USC Football: Pete Carroll Brought College Football To the People
While the recent ruling by the NCAA’s Committee on Infractions has tarnished Pete Carroll’s legacy, in the minds of many, this writer included, Pete Carroll remains one of the all-time great coaches in college football.
What Carroll did in his nine years at USC was nothing less than phenomenal. He took a losing program that was lethargic and unmotivated and pumped his own dynamic brand of energy into the entire program from the returning players to new recruits.
He made Carson Palmer a Heisman Trophy winner and positioned the Trojans to go on and win two national championships, seven consecutive PAC-Ten Championships and make seven consecutive BCS Bowl appearances.
Carroll also made Matt Leinart and Reggie Bush Heisman Trophy winners and had the Trojans nationally ranked in the Top Four over seven consecutive seasons.
While the NCAA can vacate 14 of USC’s victories including one National Championship, they cannot remove the memories of those victories and the glory years under Carroll.
Some have called him arrogant, mostly out of jealousy. His celebrity status, that included appearances on shows such as “60 Minutes” and on the covers of national magazines, offended many in the ranks of the NCAA as well as sports writers and other pundits, who feel that college coaches should not have such close rapport with their players or be able to relate with these young men on their own level.
They were offended by a coach who spent some of his spare time surfing in the Pacific on a boogie board or cavorting with celebrities in the locker room to the amusement of his players.
In short, these are the misanthropes who are offended by anyone who truly seizes life, living it to the fullest and daring not to care what the NCAA, ESPN, Bill Plaschke or Scott Wolf think about it.
But neither Pete Carroll’s coaching success nor his celebrity status are anything compared to his true legacy – the legacy that he brought to even the most common and underprivileged of us.
Pete Carroll brought college football to the people. Not just the undergraduates and alumni who are intelligent and fortunate enough to secure a college education. But to people who have never been in college and many who have not even been to high school.
He made the USC Trojans everyone’s team, the team of the people.
The NCAA is punishing USC (and perhaps deservedly so, I will not be the judge) for this, which is Pete Carroll’s greatest legacy.
USC is being punished because Pete Carroll had such enthusiasm for the game of football and for the young men that he coached that he opened the doors of Howard Jones Field to everyone, young and old, rich or poor, educated or not.
He showed all of us how football was played from the ground up.

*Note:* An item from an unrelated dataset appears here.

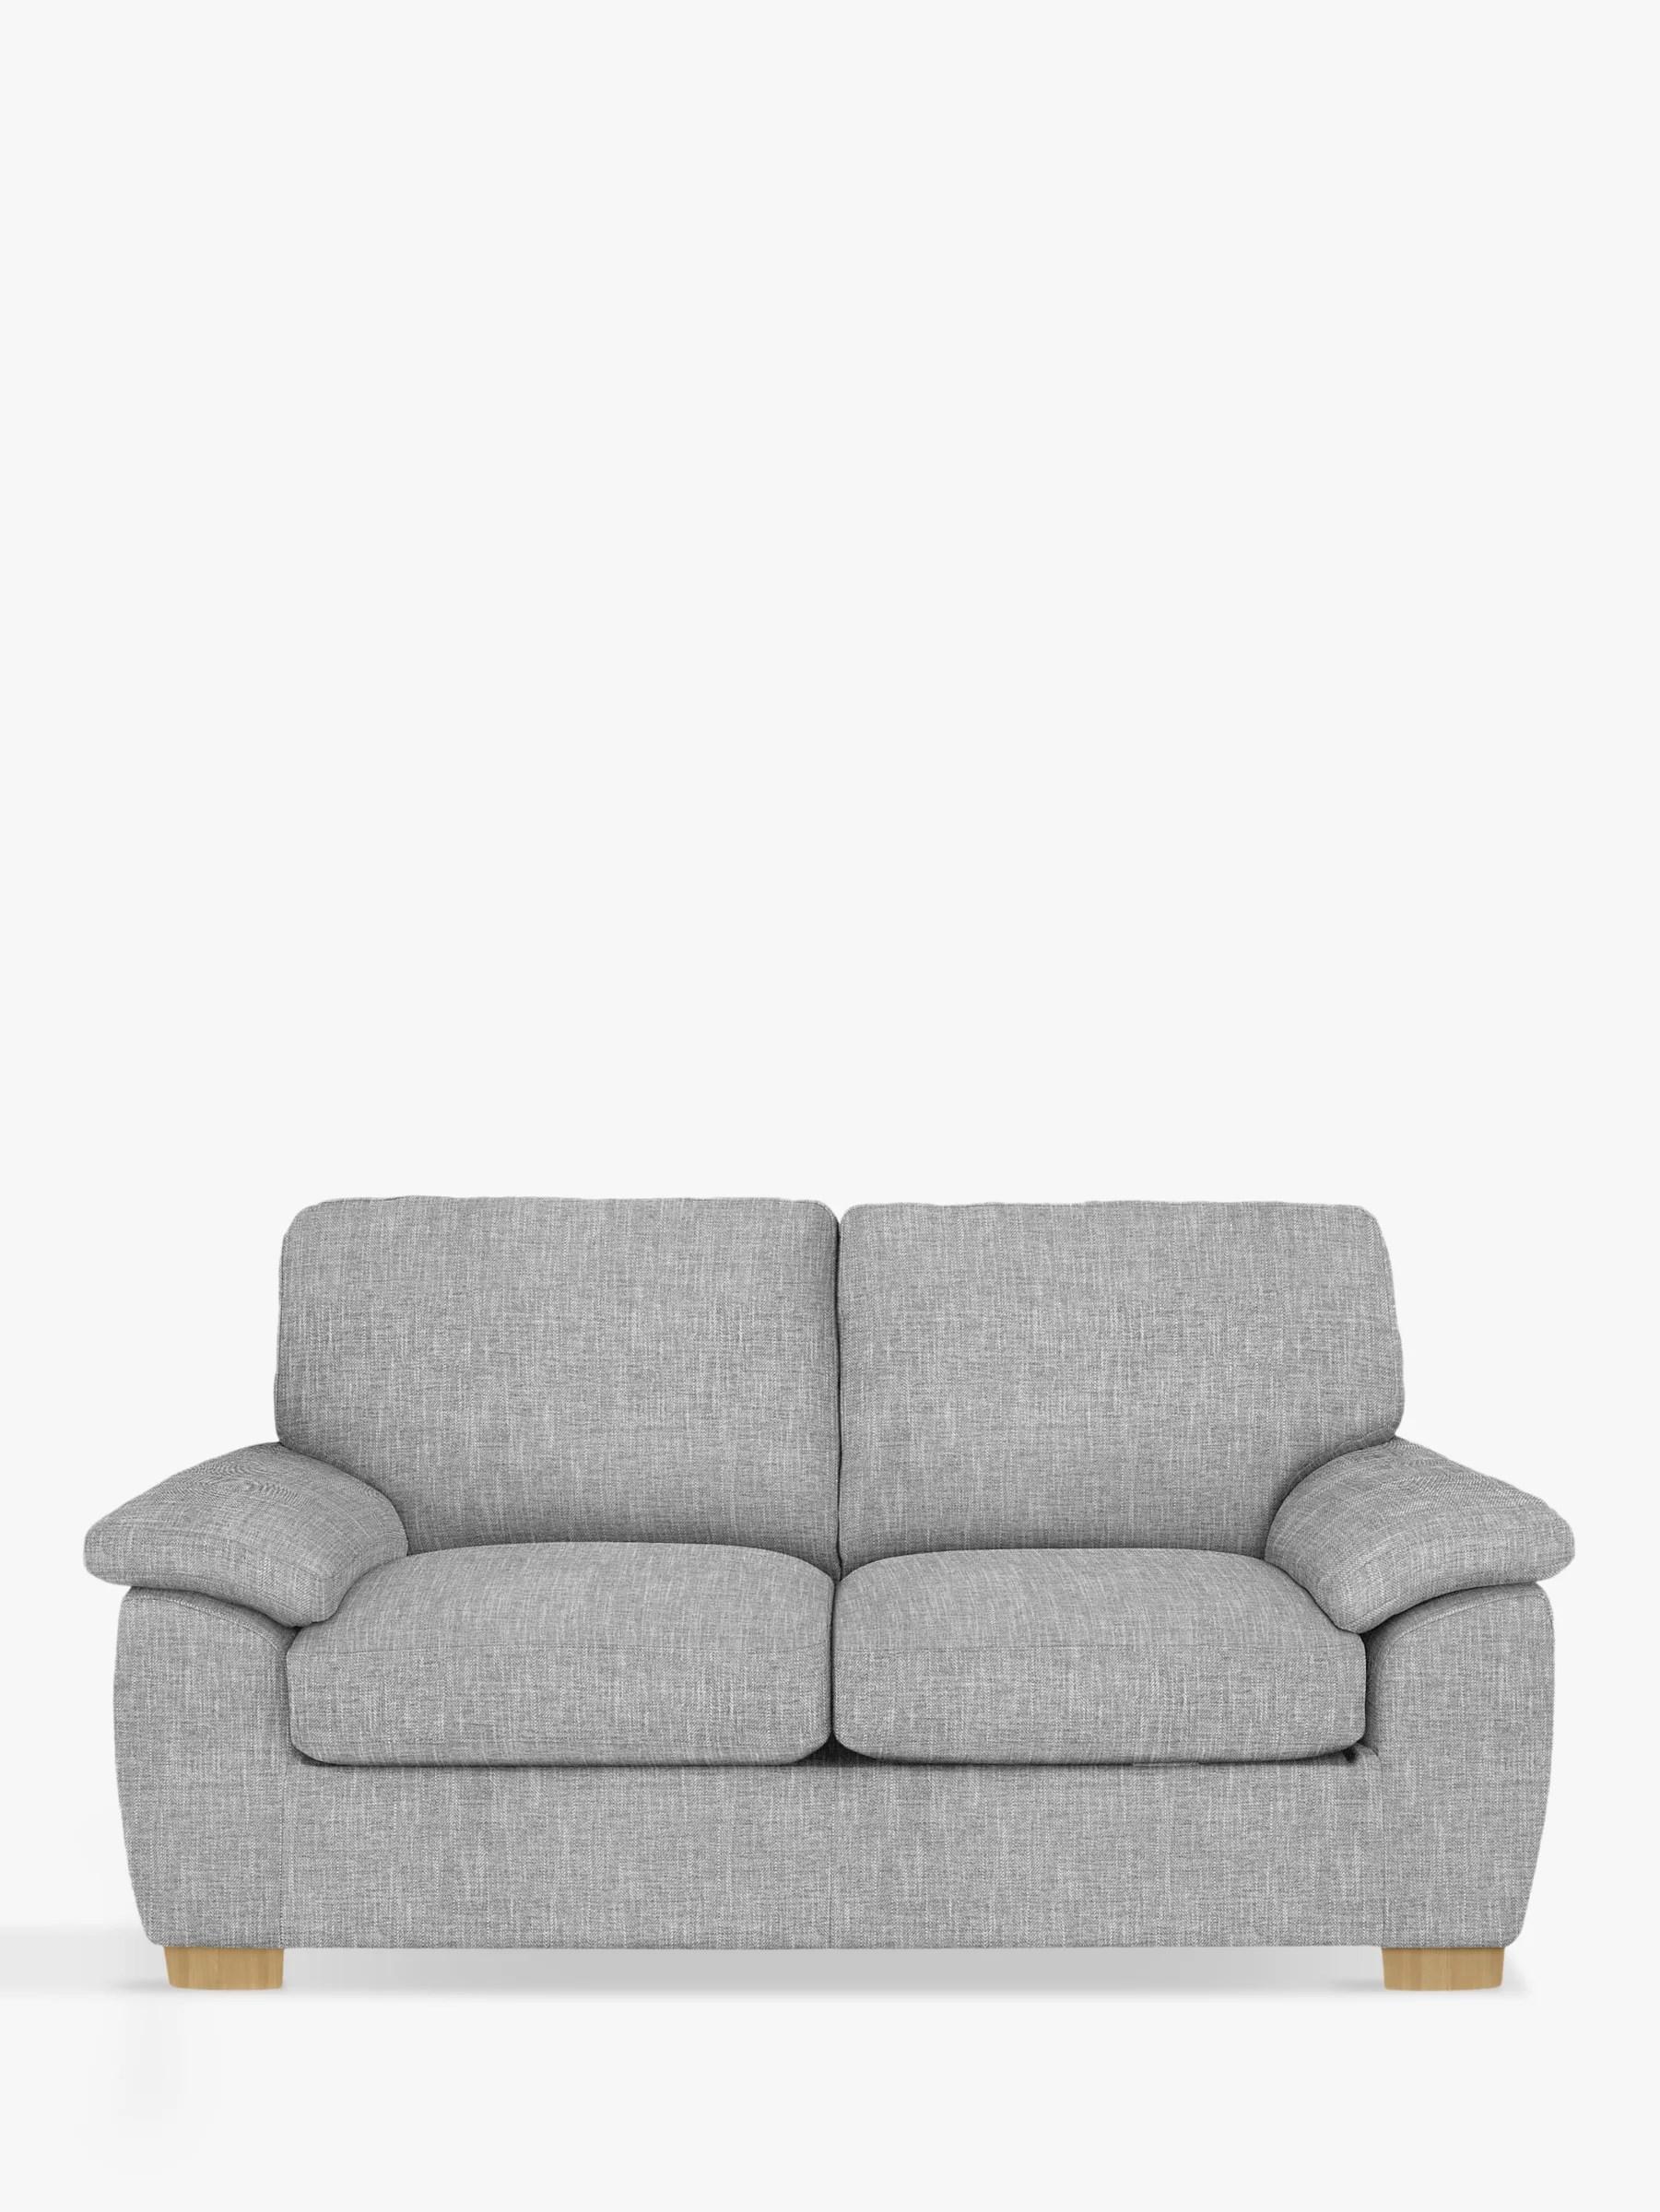 camden sofa john lewis l shaped fabric malaysia energywarden

From the conditioning drills, to the fundamentals, to the seven-on-sevens, to the special team drills, to the intrasquad scrimmages.
Pete Carroll made football fun for all of us, even those of us who never knew what a seven-on-seven drill was.
He allowed groups of school children and the handicapped and the underprivileged from South Central Los Angeles to come and watch his Trojans' train and meet some of their Saturday heroes afterward.
And Carroll, himself, always had time for a kind word, a pat on the head or an autograph for every youngster who approached him after practice even as a horde of reporters clung to him like bees to a hive.
Maybe the nectar of life that one such as Pete Carroll exudes is much like honey, both attractive and invigorating.
But not only did Carroll bring the people to Howard Jones Field, he brought his philosophy and sometimes his players to the people of South Central Los Angeles.
Carroll started an organization known as A Better L.A. to rebuild the lives of young men that have been devastated by gang violence. He set up classes to re-educated and inspire these youths and encouraged employers to give them opportunities to make a new life.
In short, Carroll’s organization is turning the nightmare of gang violence into a dream of new possibilities for many families in this underserved community. He brought hope where there was none before.
But along with the good, often comes some bad. And the NCAA as well as the pundits have chosen to focus on the few greedy bastards who saw a way to make a fast buck by preying on young superstars and enticing them to break the rules.
The NCAA looked upon those crowds of common people, many of whom had no attachments whatsoever to USC, standing on the sidelines of Howard Jones Field and focused on the fact that a few sports agents or their representatives could get close to these young men whose amateur status the NCAA must protect at all costs.
They were appalled that Mike Garrett and his staff allowed those doors to Howard Jones Field to remain open to anyone who wanted to stop by and watch a USC practice.
Well, those doors are now forever closed and Pete Carroll’s legacy tarnished as a result of a couple unscrupulous criminals and one star athlete who put his own greed and his family’s above his school, his team and the common people of Los Angeles.
But let us all be thankful, for we can sleep peacefully at night knowing that the NCAA is protecting the amateur status of all its student-athletes. Not through seeking legislation to revoke licenses of sports agents and institute prison sentences for tampering with student-athletes or revoking the NBA’s right to sign student-athletes after only one semester of education – but by punishing USC.
Sounds like a good plan, but I wonder if it can go seven consecutive years without a violation anywhere in Division 1 sports. In the meantime, I’ll put Pete Carroll’s legacy above anything the NCAA can do or say.